● **Supplied data**
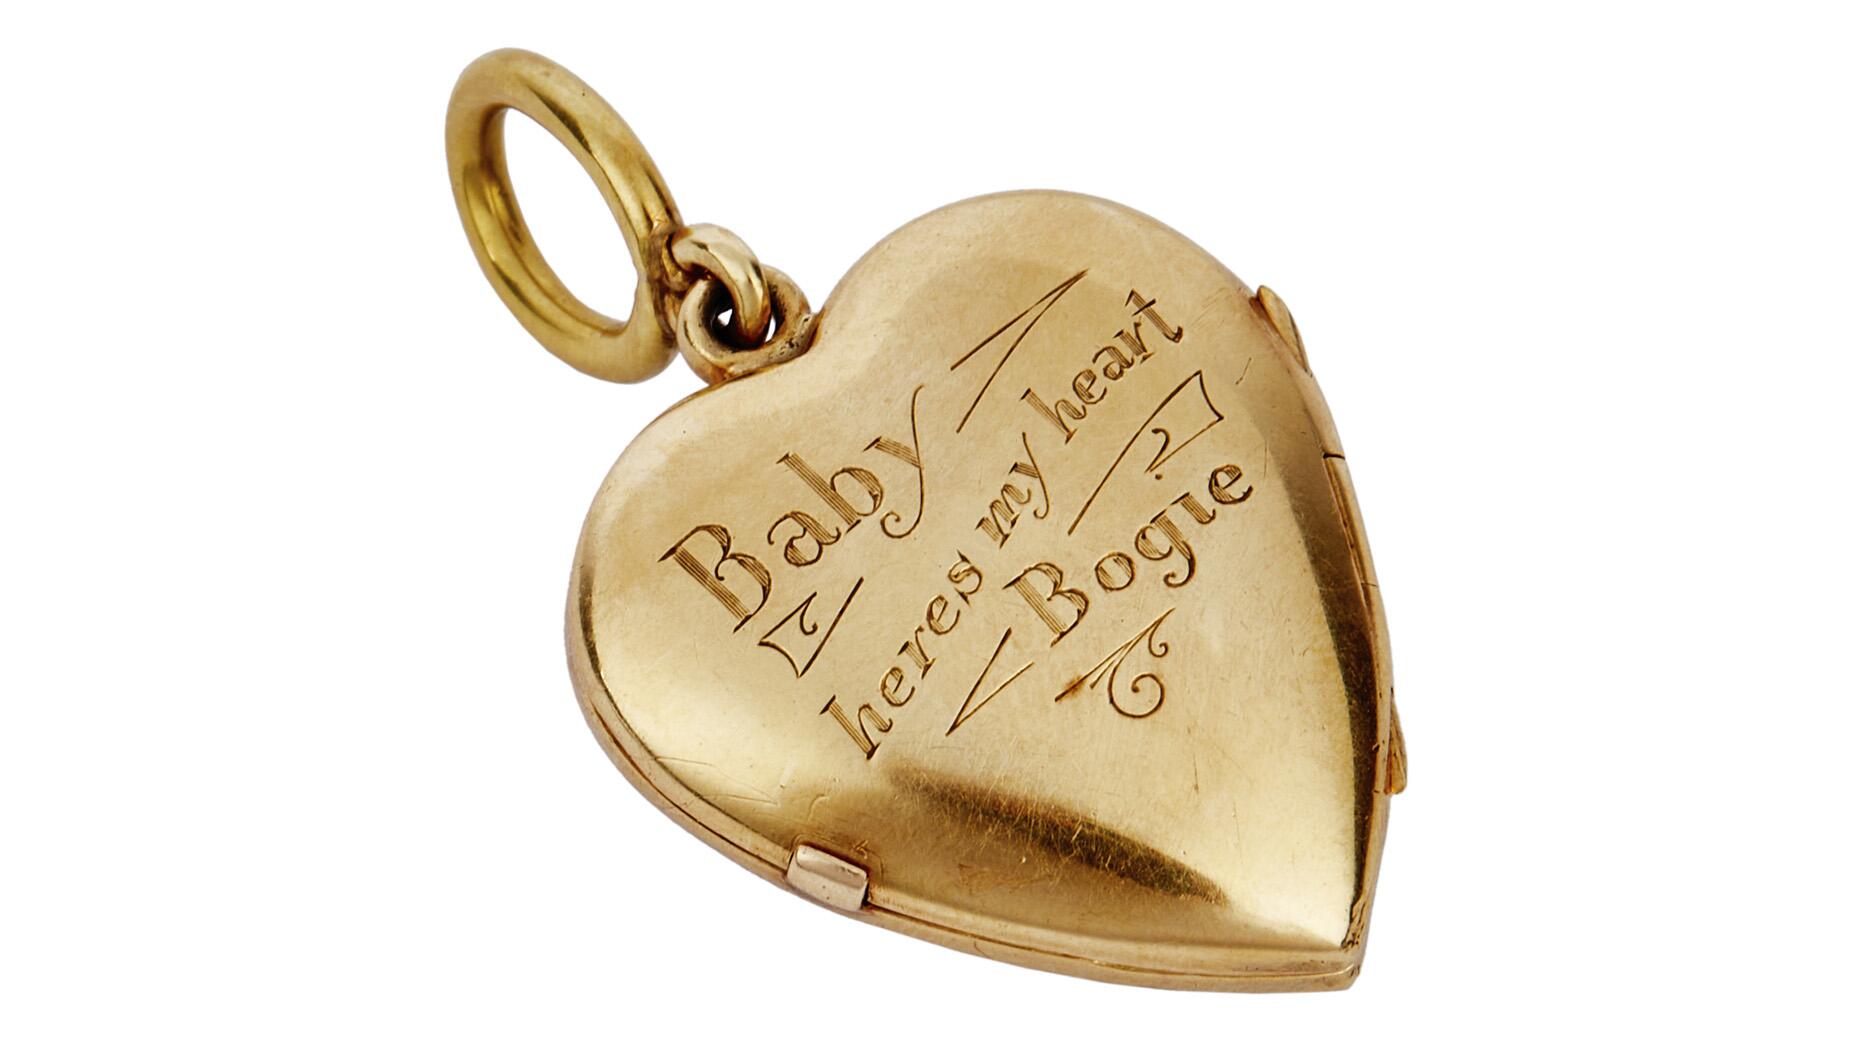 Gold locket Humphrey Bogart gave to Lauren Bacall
* * *
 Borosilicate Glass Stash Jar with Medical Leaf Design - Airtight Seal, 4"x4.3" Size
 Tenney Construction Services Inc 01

● **Problem requirements**
Would you please repeat exactly the lines above, starting at the line with "Borosilicate Glass Stash" and stopping at the line with "Tenney Construction Services Inc 01", both included?

● **Result**
 Borosilicate Glass Stash Jar with Medical Leaf Design - Airtight Seal, 4"x4.3" Size
 Tenney Construction Services Inc 01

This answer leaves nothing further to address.